Но в душе он был отчасти доволен: серьёзный Ордын всегда несколько утомлял его.

– Челом бью, великий государь, по твоей милости… – низко поклонился Ордын. – Кому повелишь приказ мой сдать?

– Повремени маненько, подумаем… – сказал царь и вдруг просиял: – А, Сергеич!.. А я уж заждался тебя совсем…

Сияющий Матвеев, в тёмной ферязи, расшитом кафтане и высокой горлатной шапке боярской, бил челом великому государю, раскланялся с боярами и, обернувшись к следовавшему за ним жильцу с каким-то свёртком на руках, взял у него этот свёрток, снял с него шёлковый плат и подал государю три книги в кожаных переплётах с серебряными застежками.

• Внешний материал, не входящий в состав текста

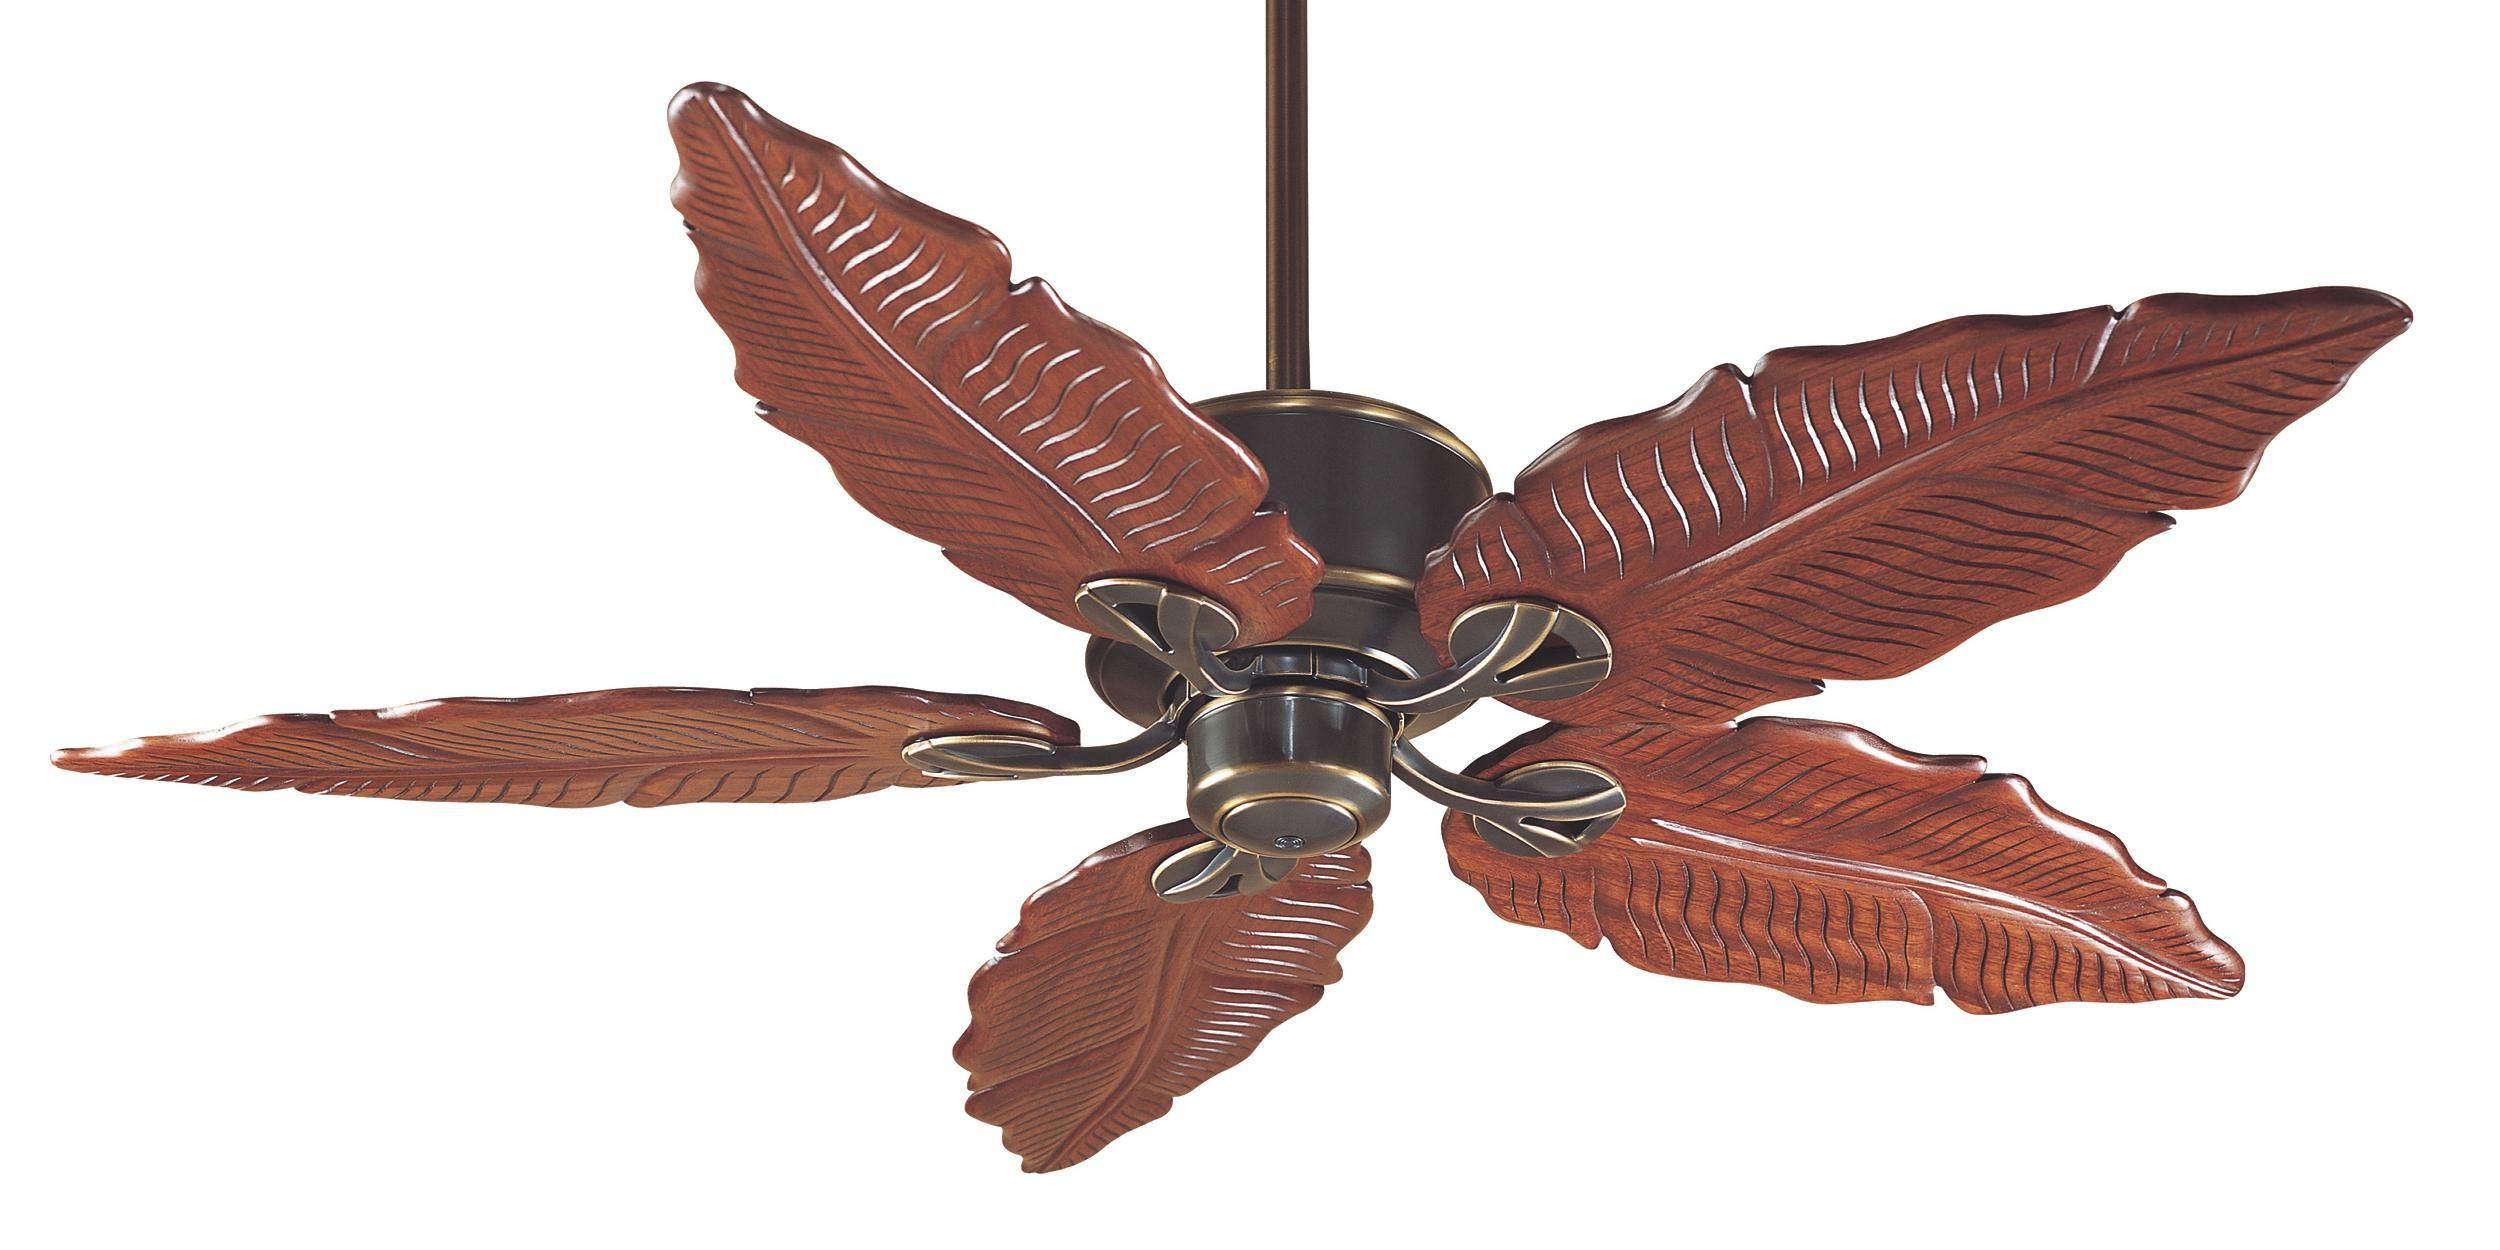 Ceiling fans hunter coronado banana leaf ceiling fan 28522 in ceiling fans hunter coronado banana leaf ceiling fan 28522 in amber bronze aloadofball Image collections

– Дозволь поднести тебе, государь… – сказал он. – Только что книги эти построили, тебе первому и подношу…

– А ну, ну, давай покажи…

То была, во-первых, «Ездная школа господина Плювинеля, королевского величества высшего конюшего» с гравюрами и портретом Людовика XIII, затем «Прохладный вертоград», в котором сообщалось о камнях драгих, ко многим делам угодных, и о силе их, и о том, как красоту сохранить, как истреблять домашних насекомых, как обезвредить всякого супостата, зверя, гада и нечистого духа, как пчелу сохранить, как предохранить поля от града, какие дни добрые, какие дурные, что в какой день лучше всего делать, как добыть счастья в людях и т. п. И, наконец, в особенно богато украшенном переплёте труд самого Матвеева: «Государственная Большая Книга: описание великих князей и царей российских, откуду корень их государский изыде и которые великие князья и цари с великие ж государи окрестными с христианскими и с мусульманскими были в ссылках и как великих государей именованья и титлы писаны к ним, да в той же книге писаны великих князей и царей вселенских и московских патриархов и римских пап и окрестных государей всех персоны и гербы».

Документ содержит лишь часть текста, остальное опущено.